张彦虽然有在很认真地听老师的讲解,但是面对这么多陌生的礼节,他仍然有些迷糊:“等……等一下,在下还是未能明白姑娘的意思。”
“哎呀,笨死了,时间不多了,你就先把衣服换上好了,待会儿只要不太紧张,肯定不会出错的,”沈倾无奈地嘟囔着,一把将西装推到张彦的手中,然后就把人往更衣间里推,“记住了,先传衬衫,然后是外套,至于领带,待会儿我帮你打吧。”
张彦有些无措地走进更衣间,然后开始摸索起西装的穿法。
在等待的这段时间,外头也挺热闹的。
“我可不知原来沈姑娘竟是如此聪慧之人,这些个玩意儿都是打哪儿来的?”折澈颇感兴趣地东指指、西戳戳。

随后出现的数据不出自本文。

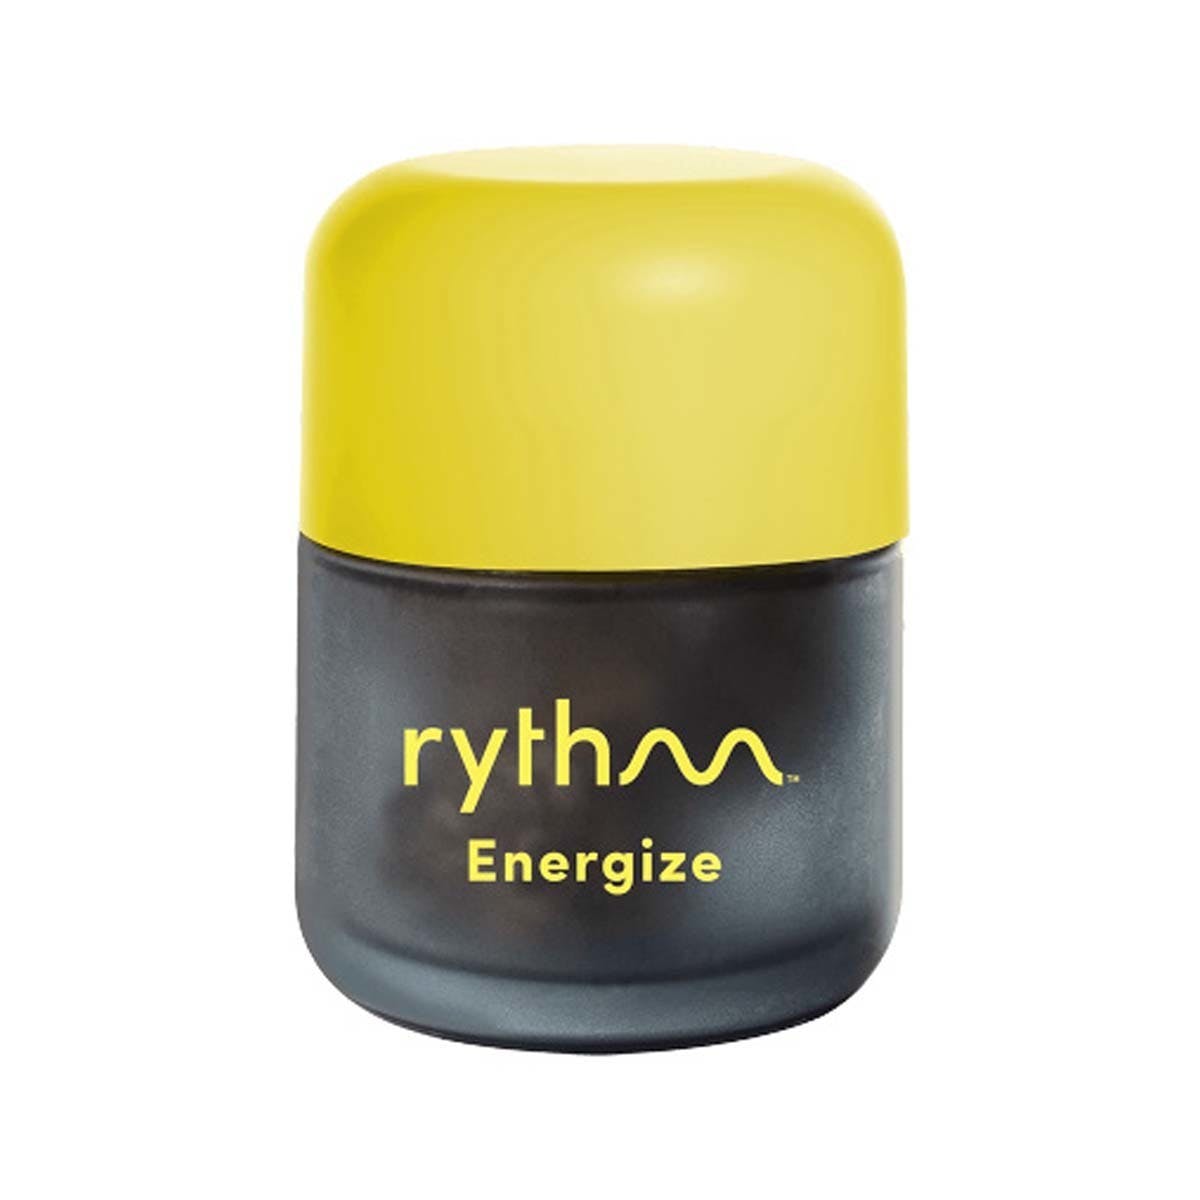 RYTHM Reserve Energize - Jack Herer
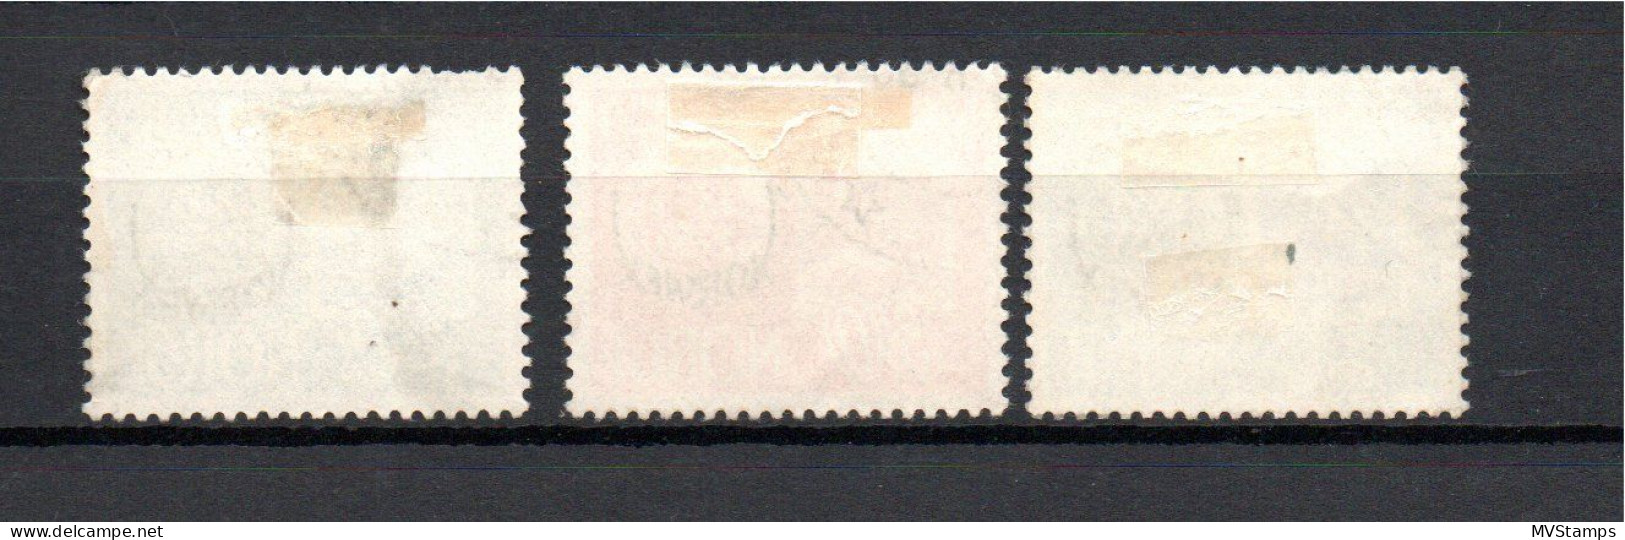 Norway 1955 Set Overprinted NORWEX Stamps (Michel 393/95) Nice Used - Gebraucht

沈倾打了个哈欠,不打算搭理这人:“不过是些小玩意儿罢了。”
“我虽谈不上见多识广,却至少也没少在这世间游荡,却竟然从未见过这些,真是奇哉怪哉。”折澈虽然性子有些阴晴不定,或者说是煞气太重,但毕竟不是什么时候都想杀人的,尤其是在他意识到自己现在可能真离了沈倾就活不下去的情况下,所以对于沈倾,他更愿意做的是调戏、调戏,而非恐吓、恐吓。
陆铭虽然也十分好奇,但却似乎并不打算询问,因为他知道沈倾很不一般,而且可能还会继续不一般下去,不然这个本不属于这世间的灵魂也不会来到这里,与自己相遇。
沈倾不再说话,只是掰着手指等张彦换好衣服,时不时地再催促两句:“张公子呐,您是蜗牛转世吗?怎么这么慢?”
张彦其实早就换好衣服了,只是因为太过害羞,所以忸怩了半天才走出来,他一走出来,在场三人同时眼前一亮,折澈甚至还玩笑似的道:“真没想到这种衣裳穿起来倒是别有一番风味,不知沈姑娘可否赏给在下一件来穿穿?”
“等有机会的吧,”沈倾敷衍一句后,就直接凑到了张彦的身前,上下左右地打量着,还一面帮他打领带,一面赞不绝口地道,“本来还怕你的气质太过斯文,穿不出来西装的味道,不过现在看起来,还真是别有一番风味呢!”
张彦愈发脸红,却只能任由沈倾拿捏。
整装完毕后,沈倾长出了口气,宣布了一声“婚礼可以开始了”之后,就扯着张彦出了房门,走到了教堂中正,而她则是往前几步,站在了牧师的位置上。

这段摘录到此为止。